CPSC 418, Problem Set #2, Due 10am, February 23, 1998


Problem 1:

Assume floating-point registers f0..f31, integer registers r0..r31.
fmul, fdiv, fadd are single-precision floating point instructions.

The processor has the following functional units:
1 floating point divider	6 cycle latency
1 floating point add/multiply	2 cycle latency for add or multiply
1 integer unit			1 cycle latency
1 branch unit			1 cycle latency
All units fully pipelined (i.e., you can start a new operation every cycle,
but the results aren't available until the indicated latency).

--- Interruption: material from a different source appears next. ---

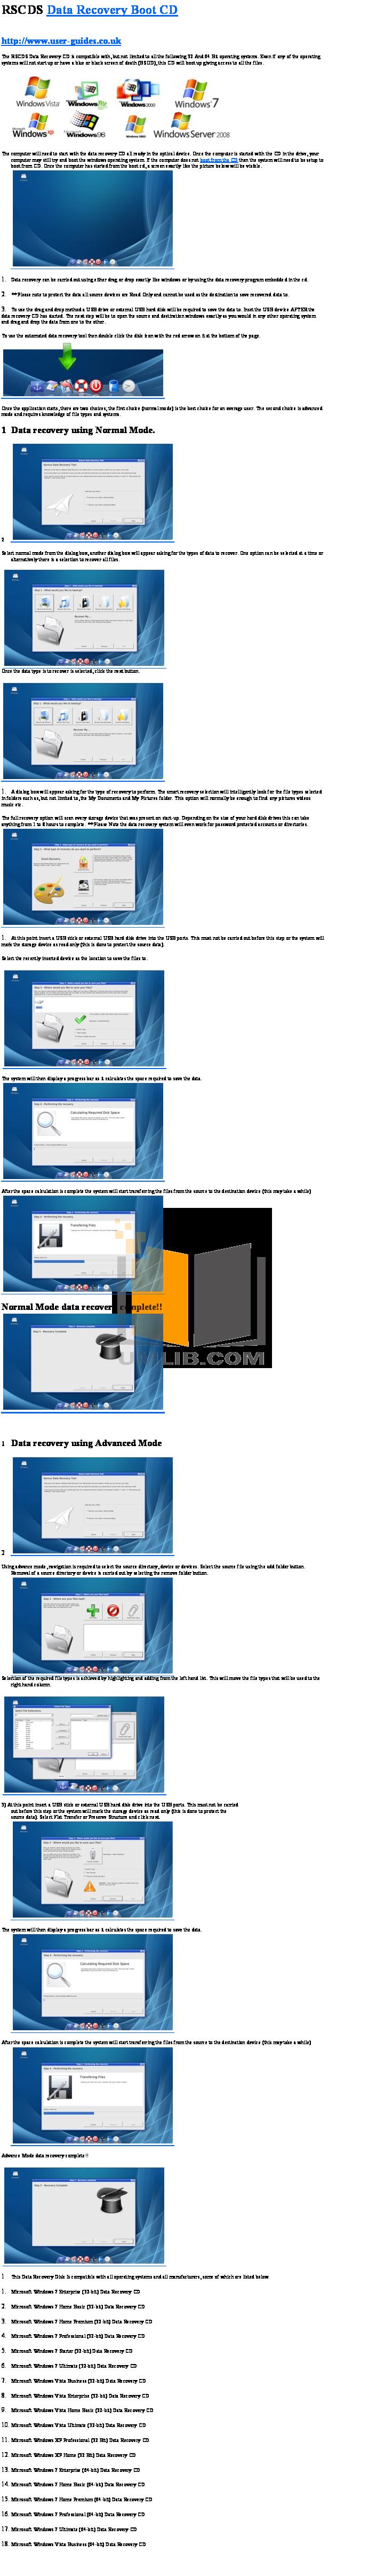 pdf for HP Desktop Compaq Presario,Presario SR5610F manual

Initially, assume the registers have the following values:
	f0 = 1.0
	f1 = 0.0
	f2 = 1.0
	f3 = 0.0
	f4 = 1.0
	r1 = 10

Consider this code fragment:
	loop:
	L1:	fadd	f1, f1, f0	-- f1 += 1.0
	L2:	fmul	f2, f2, f1	-- f2 *= f1
	L3:	fdiv	f3, f0, f2	-- f3 = 1.0/f2
	L4:	fadd	f4, f4, f3	-- f4 += f3
	L5:	subi	r1, r1, #1	-- r1--
	L6:	bne	r1, loop	-- if r1==0 goto loop:

(a) Show a good execution schedule for the functional units for one iteration
through the loop.  How many cycles does one pass of the loop take to EXECUTE?
Ignore time spent in other pipeline stages, just the time in execution,
as in the Fisher and Rau paper.

	We don't actually have much room for ILP, as there is a chain
	of data dependencies from L1 to L2 to L3 to L4.  So, you get
	something like:
		FDIV		FADD/FMUL	Int		Br
	1	--		L1		L5		--
	2	--		--		--		L6
	3	--		L2		--		--
	4	--		--		--		--
	5	L3		--		--		--
	6	--		--		--		--
	7	--		--		--		--
	8	--		--		--		--
	9	--		--		--		--
	10	--		--		--		--
	11	--		L4		--		--
	12	--		--		--		--

	Which takes 12 cycles per loop.

(b) If we unroll the loop once (ignoring the case where r1 is odd),
we get the following code:
	loop:
	L1:	fadd	f1, f1, f0	-- f1 += 1.0
	L2:	fmul	f2, f2, f1	-- f2 *= f1
	L3:	fdiv	f3, f0, f2	-- f3 = 1.0/f2
	L4:	fadd	f4, f4, f3	-- f4 += f3
	L5:	fadd	f1, f1, f0	-- f1 += 1.0
	L6:	fmul	f2, f2, f1	-- f2 *= f1
	L7:	fdiv	f3, f0, f2	-- f3 = 1.0/f2
	L8:	fadd	f4, f4, f3	-- f4 += f3
	L9:	subi	r1, r1, #2	-- r1 -= 2
	L10:	bne	r1, loop	-- if r1==0 goto loop:
Show a good execution schedule for this unrolled loop.  How many cycles
does it take now?  About how much speed-up do you get by unrolling?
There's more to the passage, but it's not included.